The department says government subsidies are essential to keep the United States competitive in renewable energy, and not all companies will succeed.
“The project that we supported succeeded,” insisted Damien LaVera, a spokesman for the Department of Energy.
“The facility was producing the product it said it would produce, and consumers were buying the product,” he said. “The company struggled because the market has changed dramatically.”
Although the government typically guarantees loans made to a company by a commercial bank, that was not the case for Solyndra. Solyndra borrowed the money from the Federal Financing Bank, part of the Treasury Department, so in effect, the government was lending the money to the company directly. The Energy Department gave Solyndra a conditional guarantee for $535 million, in multiple stages, contingent on reaching a variety of milestones, and to date, it had received $527 million.
Mr. LaVera held out the hope that in a bankruptcy reorganization, Solyndra or some other company would run the factory profitably and that not all the taxpayer investment would be lost. In addition to the government, private investors put about $1 billion into the company. More than 1,000 employees were laid off.
Although the Obama administration is under pressure from energy companies to extend the guarantee program, it is a likely target for Congressional budget-cutters.
“Solyndra is a black eye for the program,” said Matthew A. Feinstein, an analyst at Lux Research. “And that means bad things for the solar industry in the United States.”
Solyndra, which once had plans to sell stock to the public, was a darling of policy makers. When it broke ground in Fremont, Calif., Arnold Schwarzenegger, who was then governor, and Steven Chu, the federal secretary of energy, wielded ceremonial gold-colored shovels.

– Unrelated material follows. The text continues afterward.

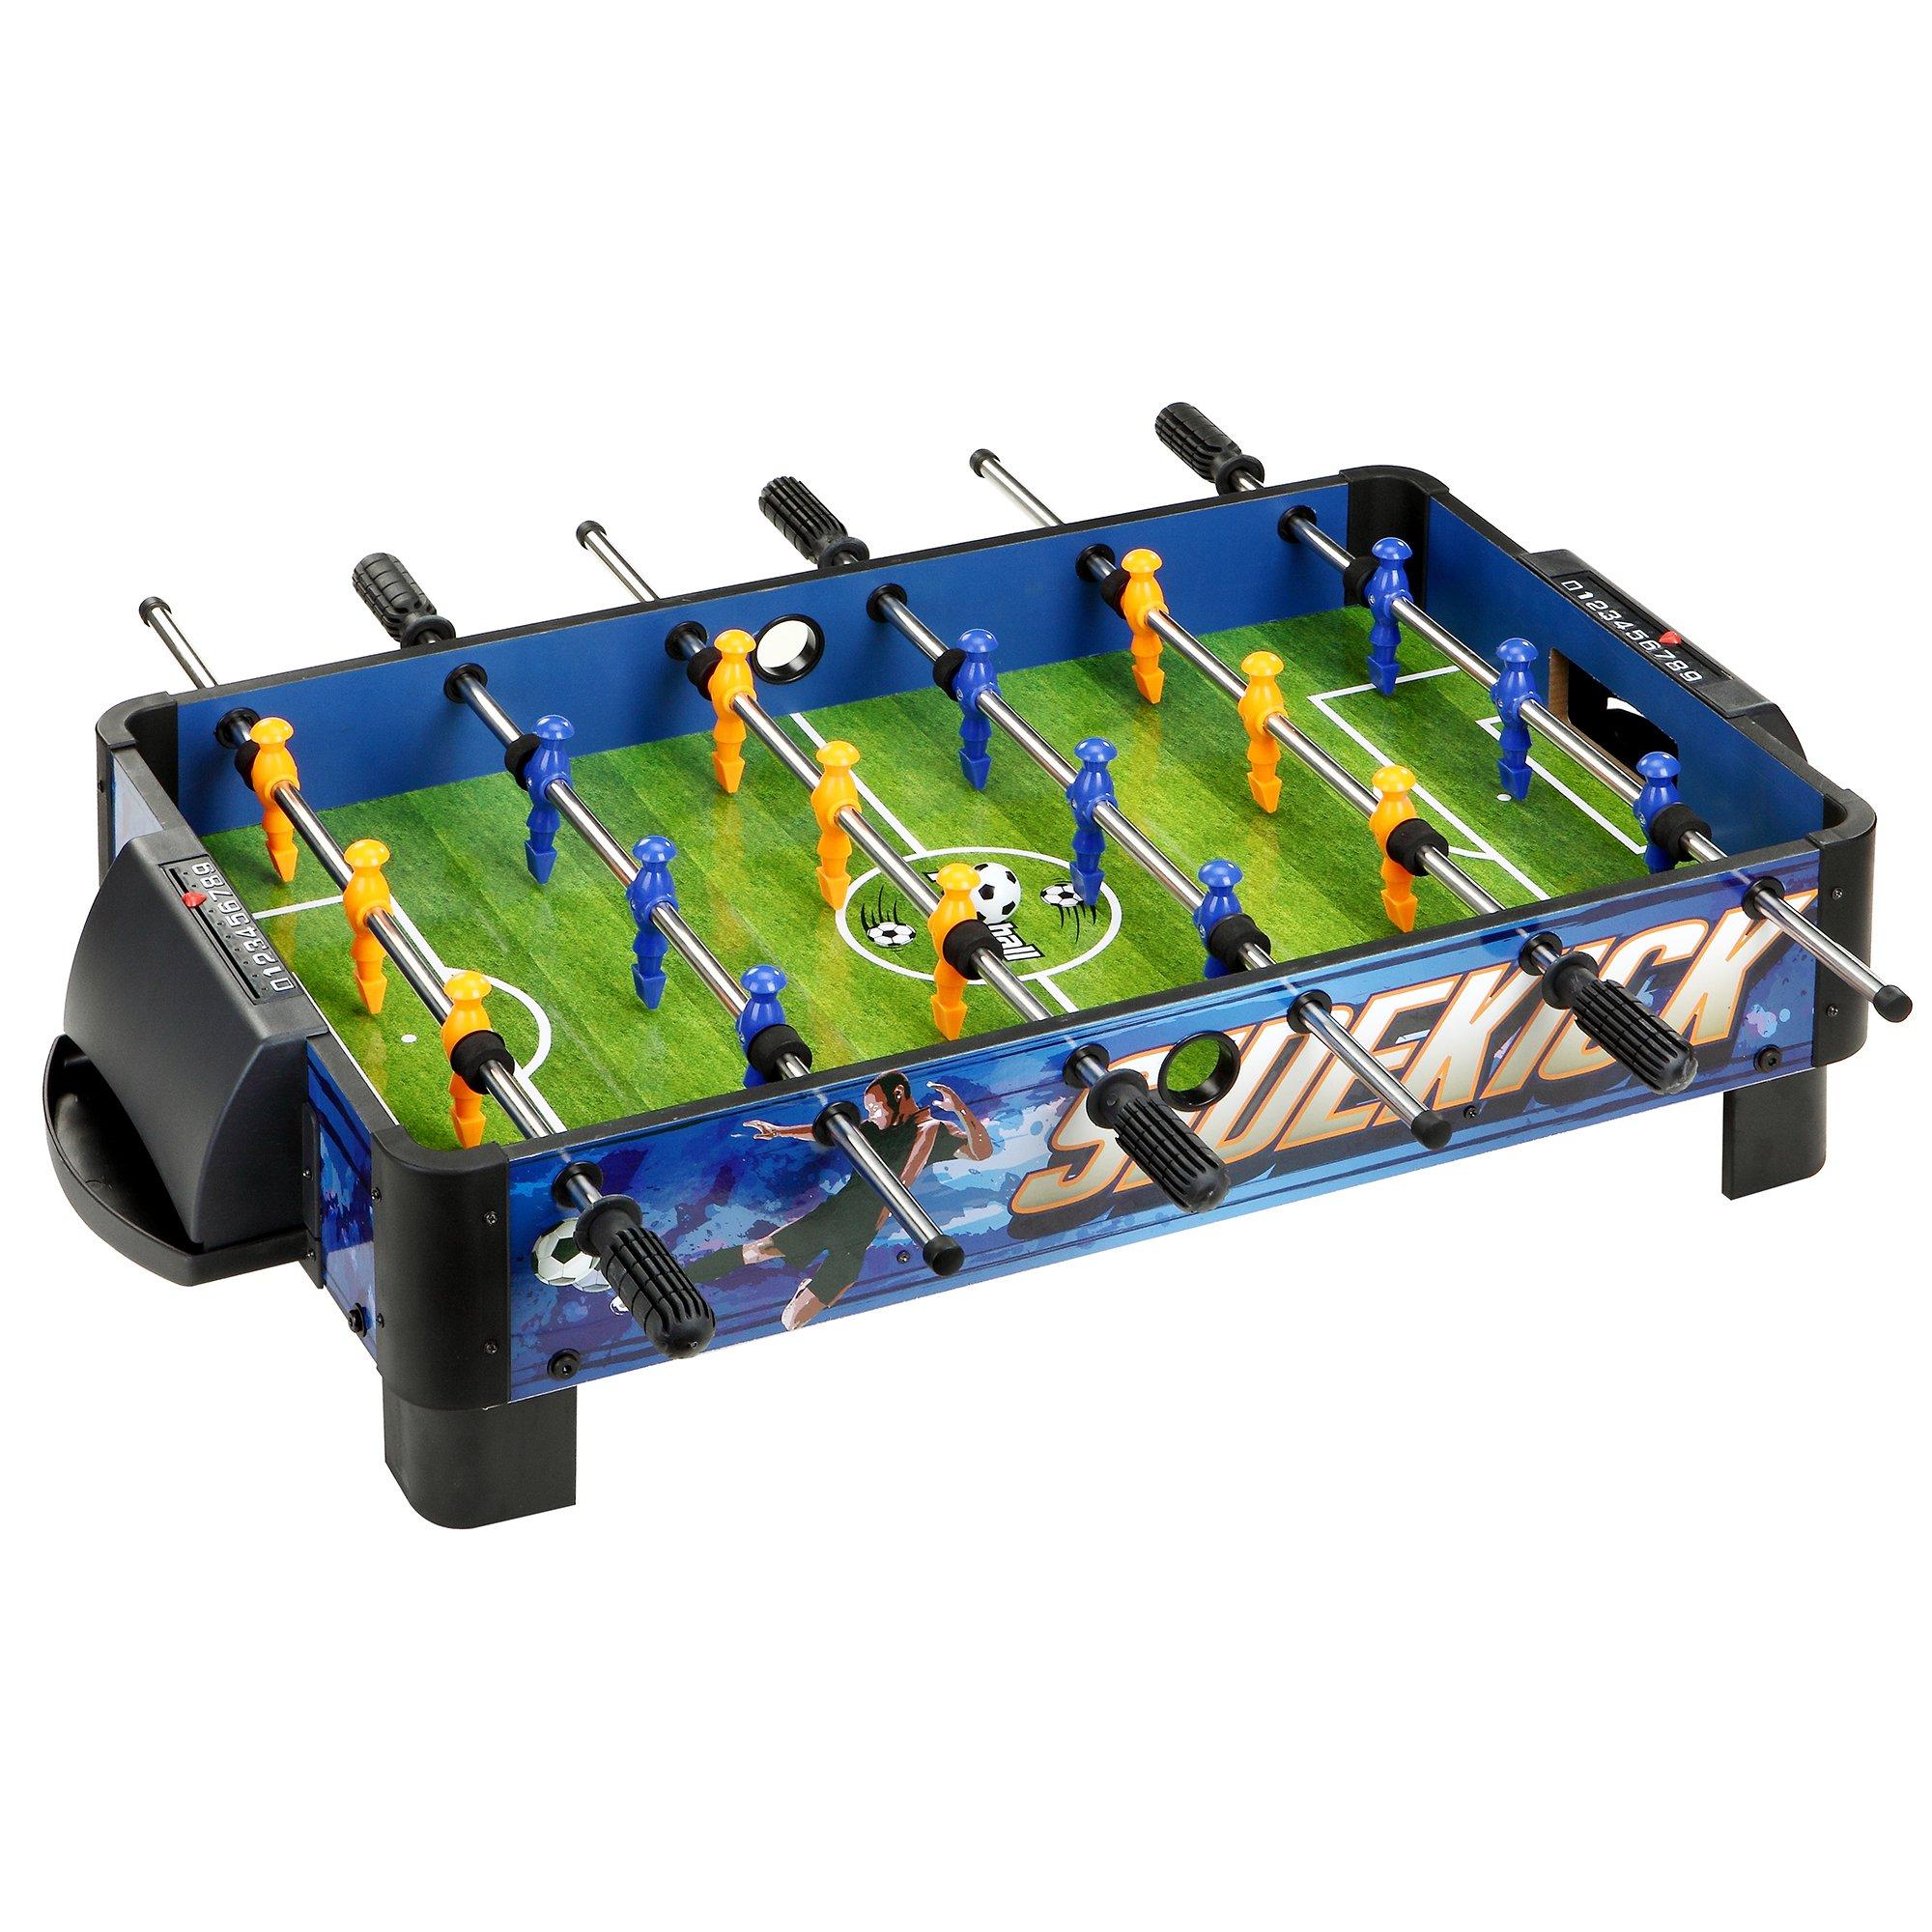 Hathaway BG1028T Sidekick Portable Foosball Table for Tabletops, 38'', Blue/Green//Yellow by Hathaway

Solyndra’s problem, according to outsiders, was that the product looked better when it was conceived than when it hit the market. Solyndra’s design avoids the use of silicon, a commodity that was selling at very high prices in 2009 when the loan guarantee was approved but that has crashed since then.
The design also sought to cut costs with an innovative cylindrical design that reduced the labor required for installation. As the sun moves across the sky, the light hits a different facet of the cylinder. But the capital costs for manufacturing were high.
Barry Cinnamon, the chief executive of Westinghouse Solar, a competitor, said Solyndra and Evergreen Solar had tried new designs that turned out not to be as good as standard flat panels.
“In both cases, they made a bad bet,” he said.
Evergreen, based in Massachusetts, received tens of millions of dollars in state loans and grants in exchange for opening a factory there. In January, it announced that it was closing that factory and moving manufacturing to China. But a few weeks ago, it concluded that even the move offshore was not enough to save the company.
SpectraWatt, a small solar company near Poughkeepsie, N.Y., ceased operations earlier this year and declared bankruptcy on Aug. 19. The company, which was created as a spinoff from Intel, the computer chip maker, cited poor market conditions created by China’s subsidies to its manufacturers.
Ken Zweibel, director of the Solar Institute at the George Washington University, said solar companies in China and Germany were receiving big subsidies from their governments and were pressuring American companies.
“There’s definitely a crisis in traditional technology,” he said. But Solyndra, he said, was “a wild-card technology,” and both Solyndra and Evergreen products had “questionable attributes.”